■ Information provided ■
------------------------------------------------

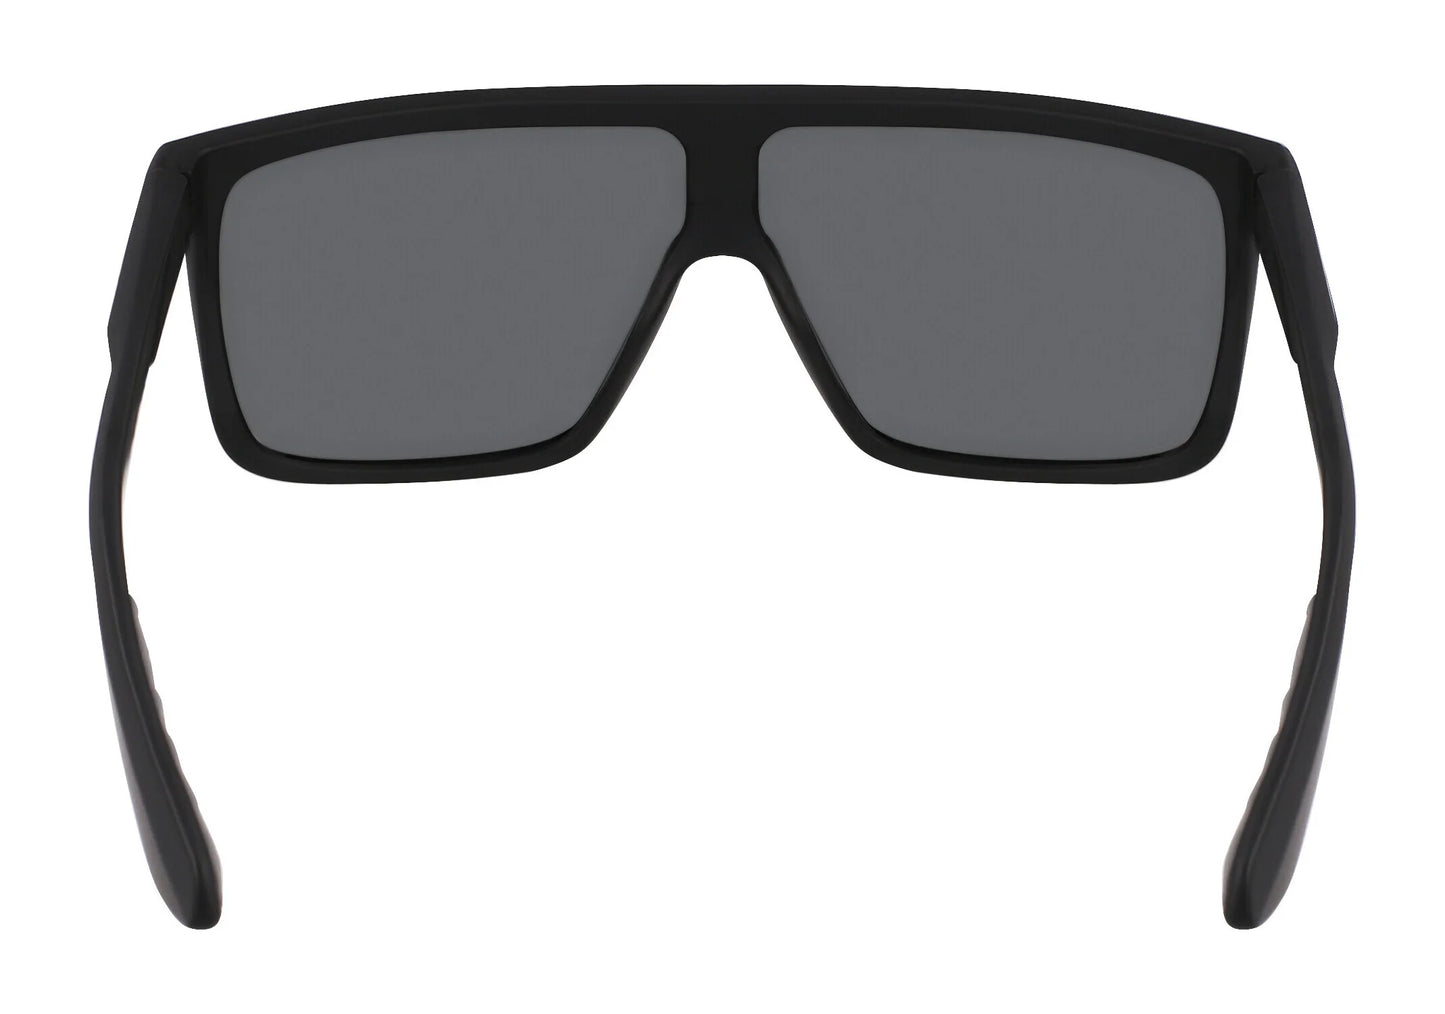 Dragon MOMENTUM H20 Sunglasses | Size 59
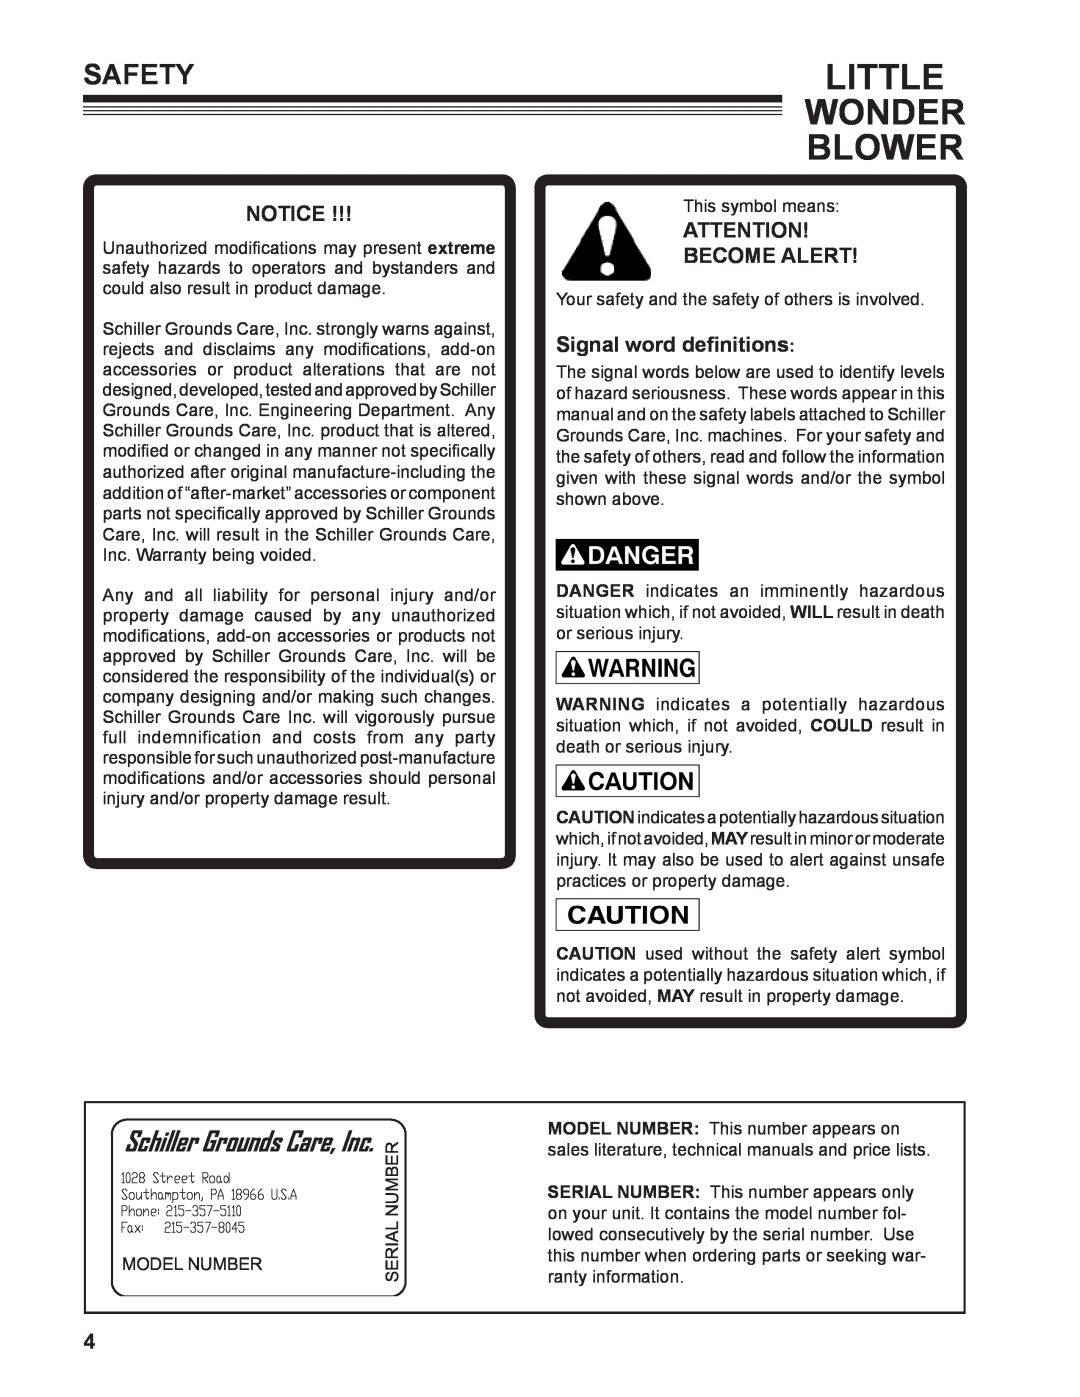 Little Wonder 91270-03-01 Safety, Become Alert, Signal word definitions, Little Wonder Blower, Schiller Grounds Care, Inc 
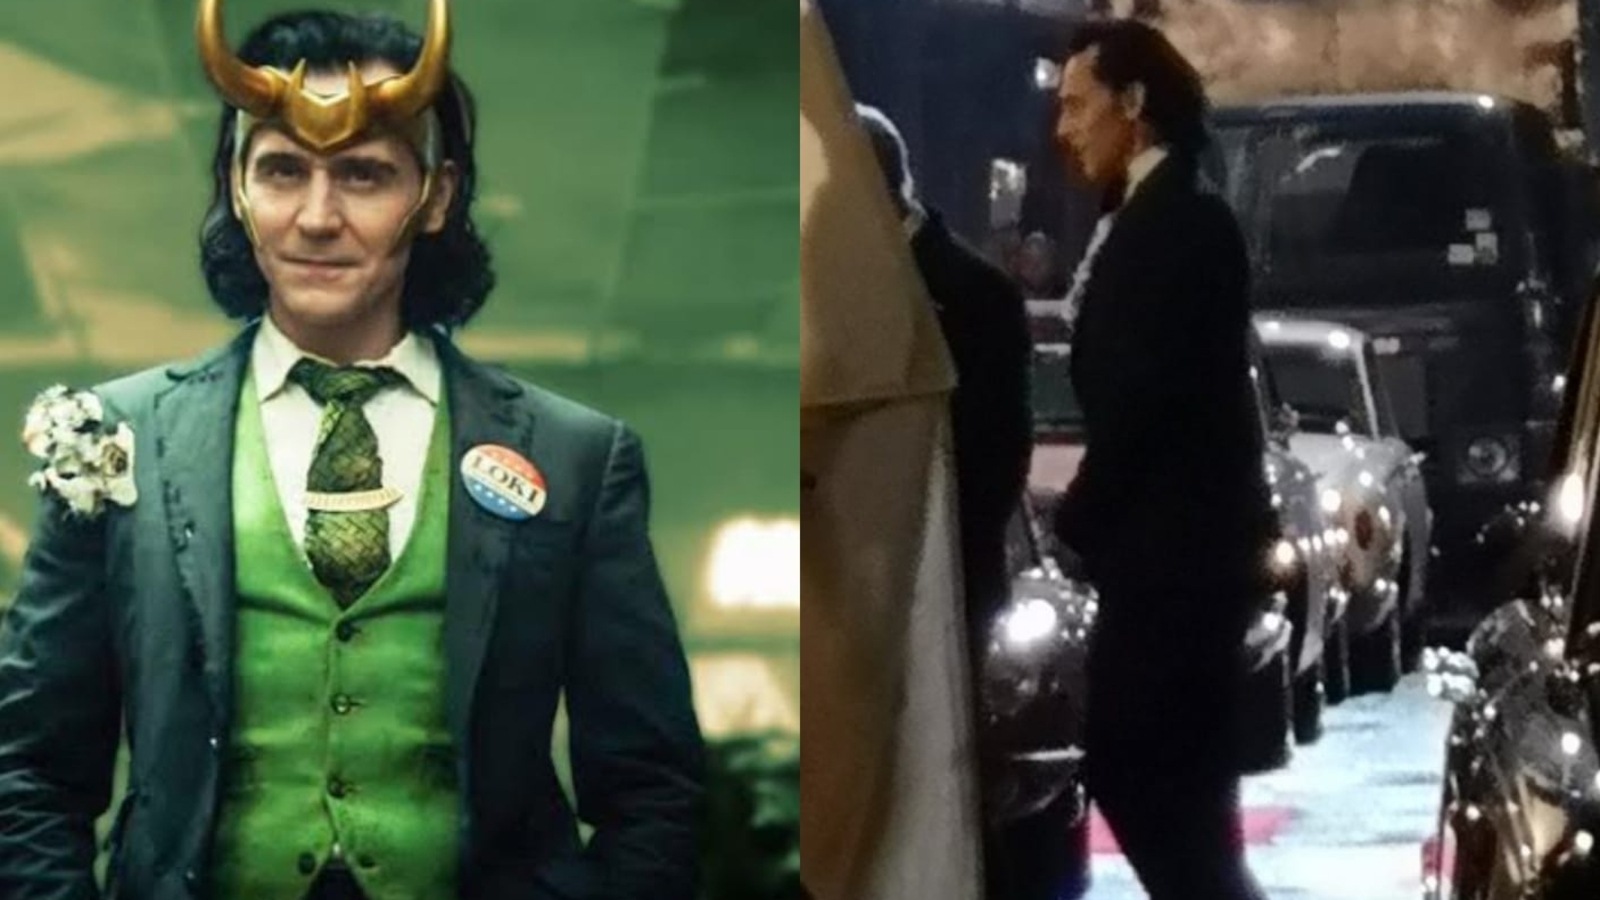 Loki 2 set pics show Tom Hiddleston back as trickster, reveal Eternals connect | Web Series
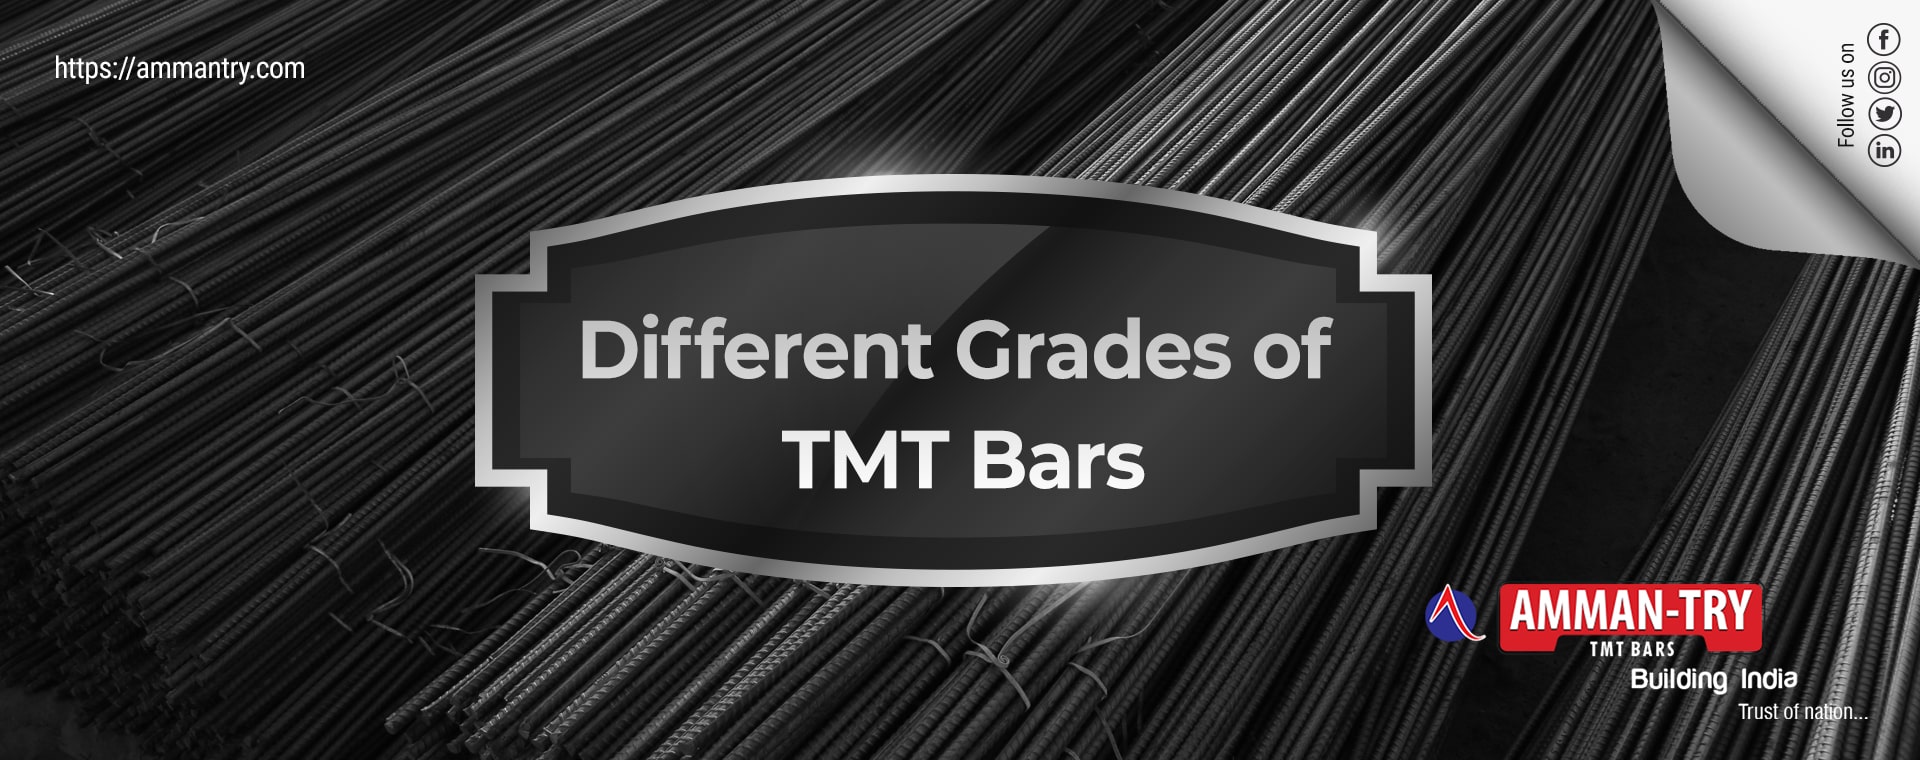 Different Grades of TMT Bars

------------------------------------------------

■ Work required ■
Retype, word for word, only the lines from the line with "Little Wonder 91270-03-01" to the final line of the listing above; the pictures do not belong in the copy.

■ Exercise answer ■
 Little Wonder 91270-03-01 Safety, Become Alert, Signal word definitions, Little Wonder Blower, Schiller Grounds Care, Inc 
 Loki 2 set pics show Tom Hiddleston back as trickster, reveal Eternals connect | Web Series
 Different Grades of TMT Bars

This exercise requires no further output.